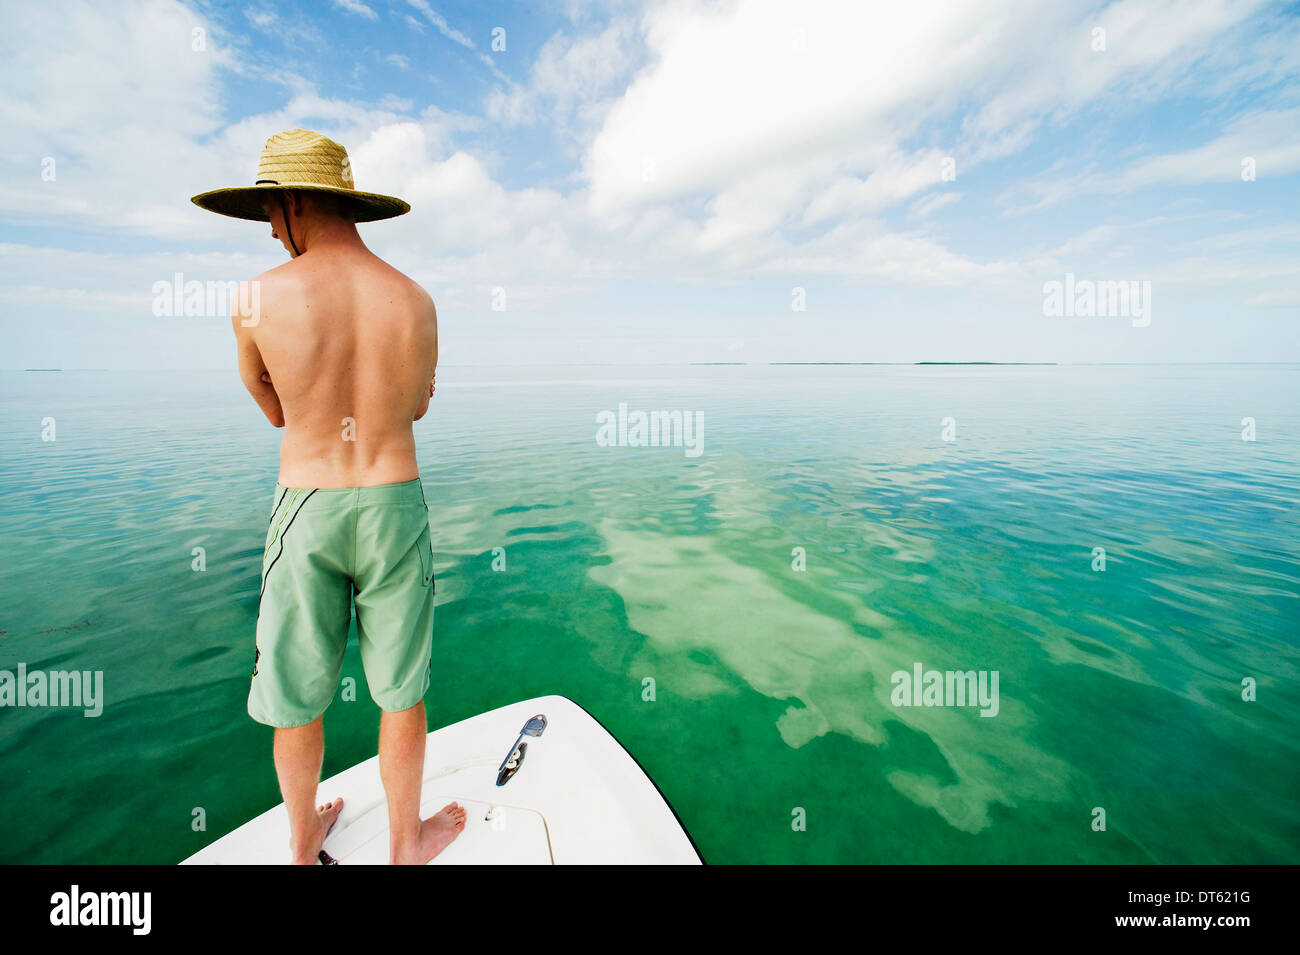 Young man standing on boat, Islamorada, Florida Keys, USA Stock Photo
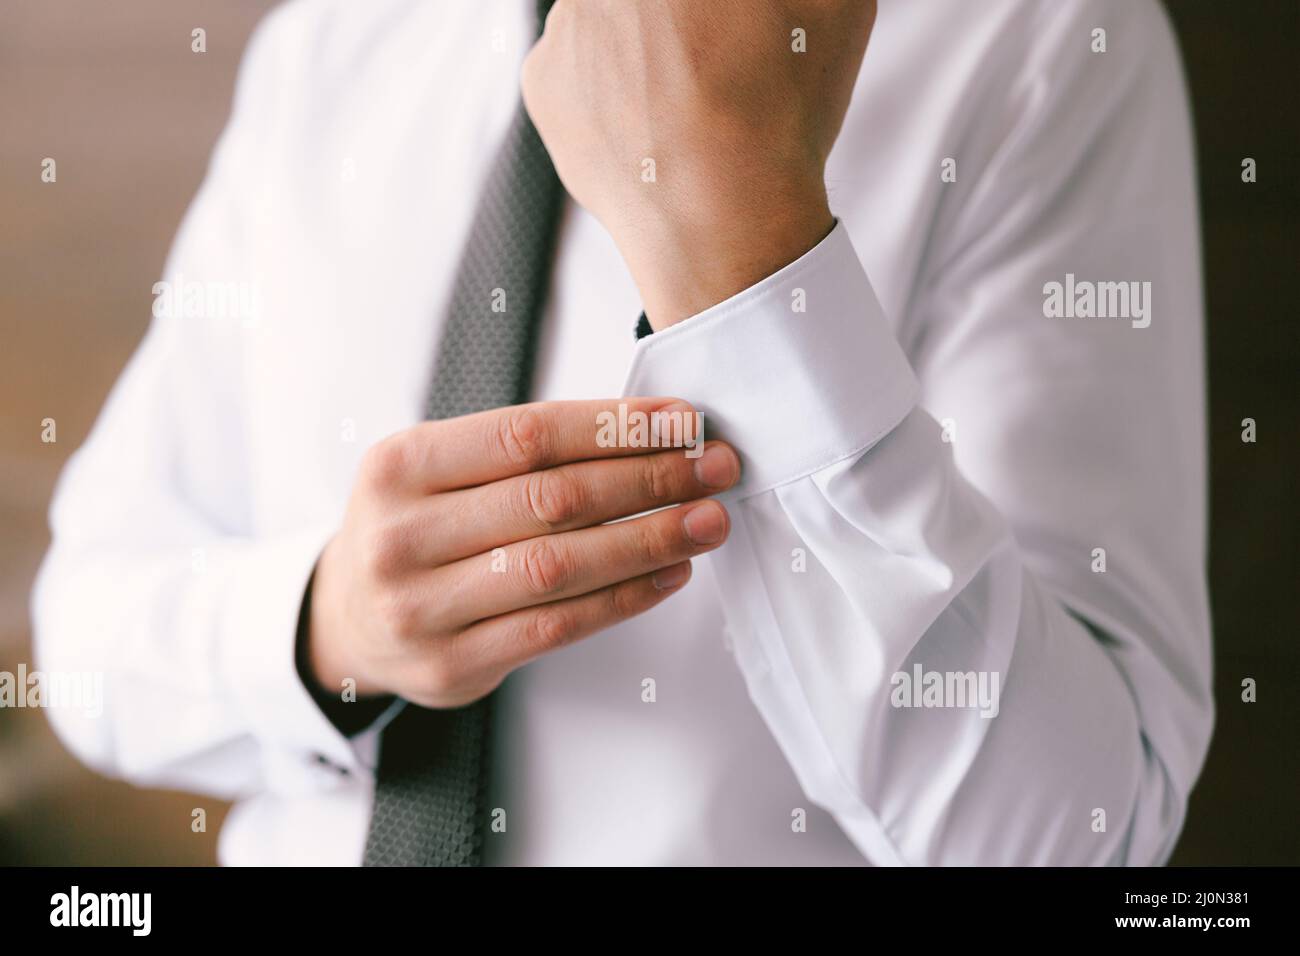 Mann in einer Krawatte knöpft die Ärmel eines weißen Hemdes hoch. Nahaufnahme Stockfoto
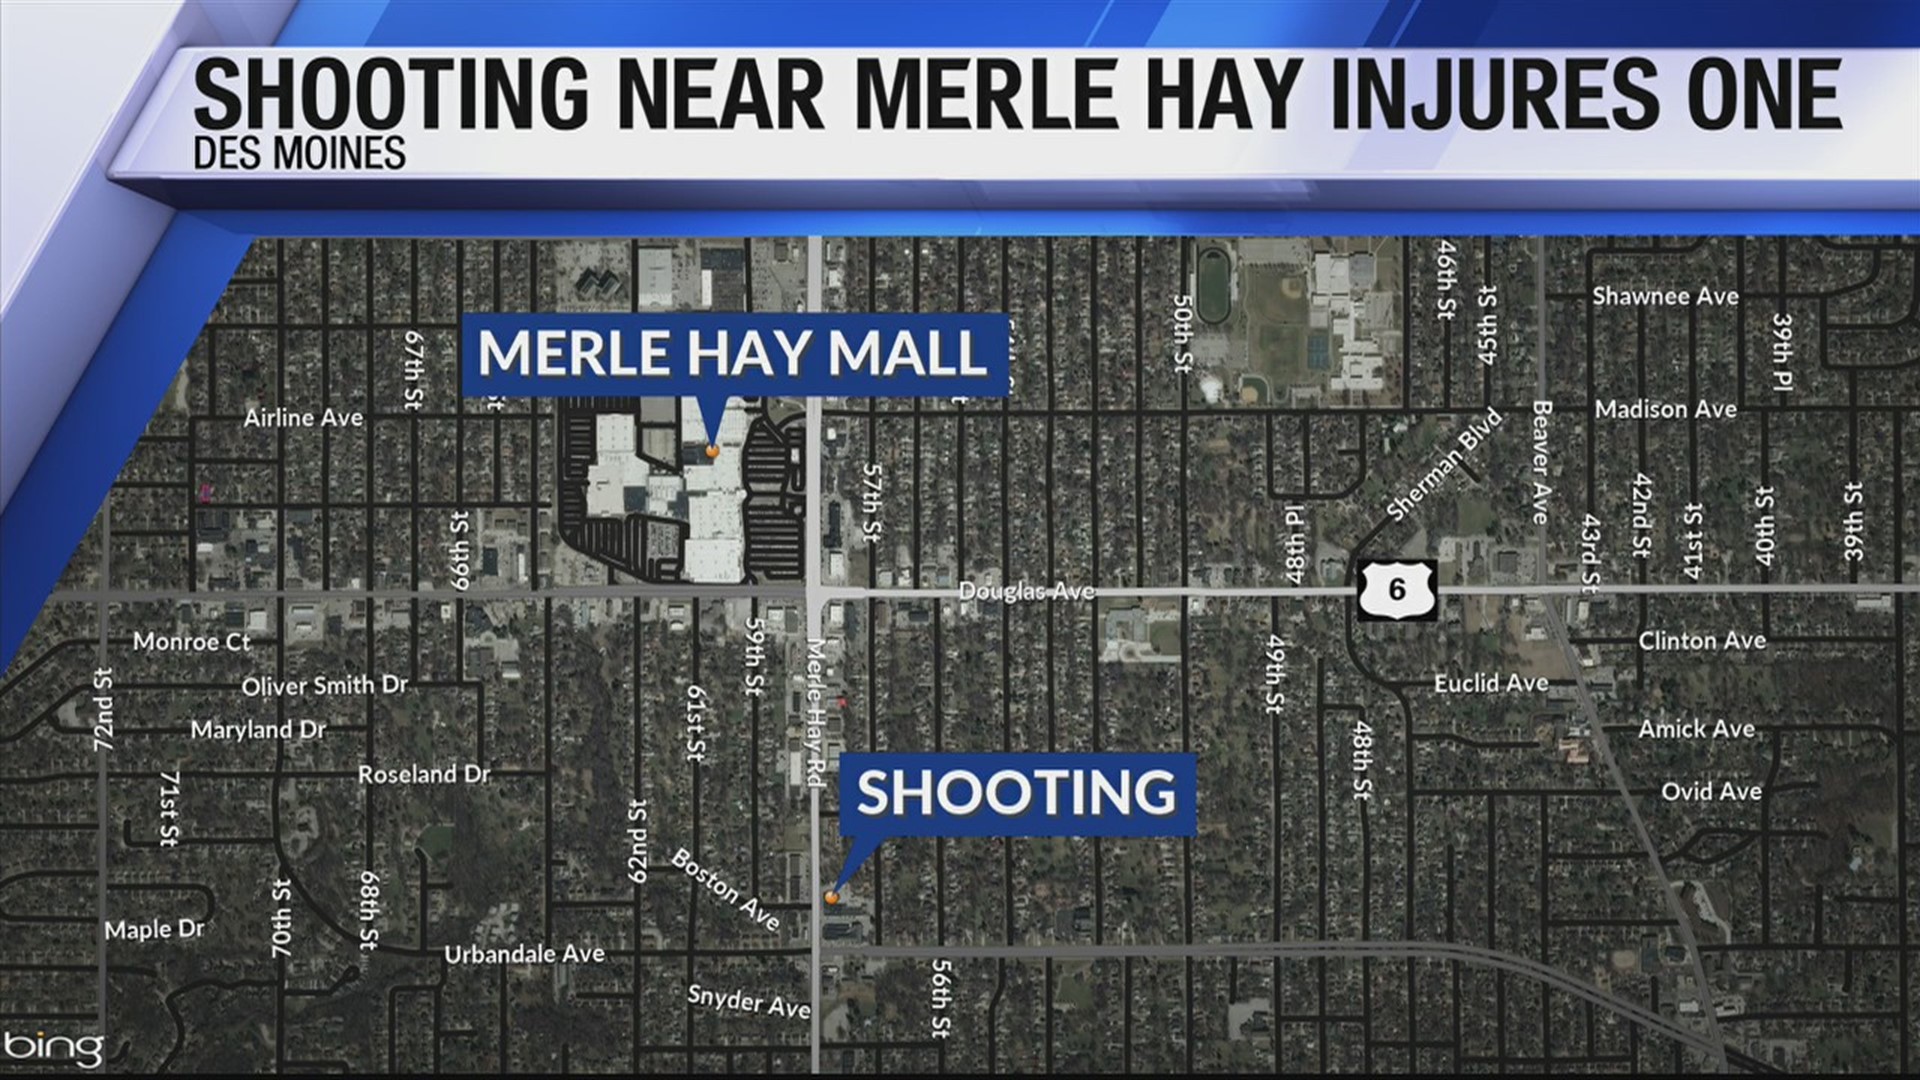 Shooting near Merle Hay injures one

**Requirement:** Wherever a picture appears in the data, please drop it and retype the rest exactly.

**Written solution:**
 Young man standing on boat, Islamorada, Florida Keys, USA Stock Photo
 Mann in einer Krawatte knöpft die Ärmel eines weißen Hemdes hoch. Nahaufnahme Stockfoto
 Shooting near Merle Hay injures one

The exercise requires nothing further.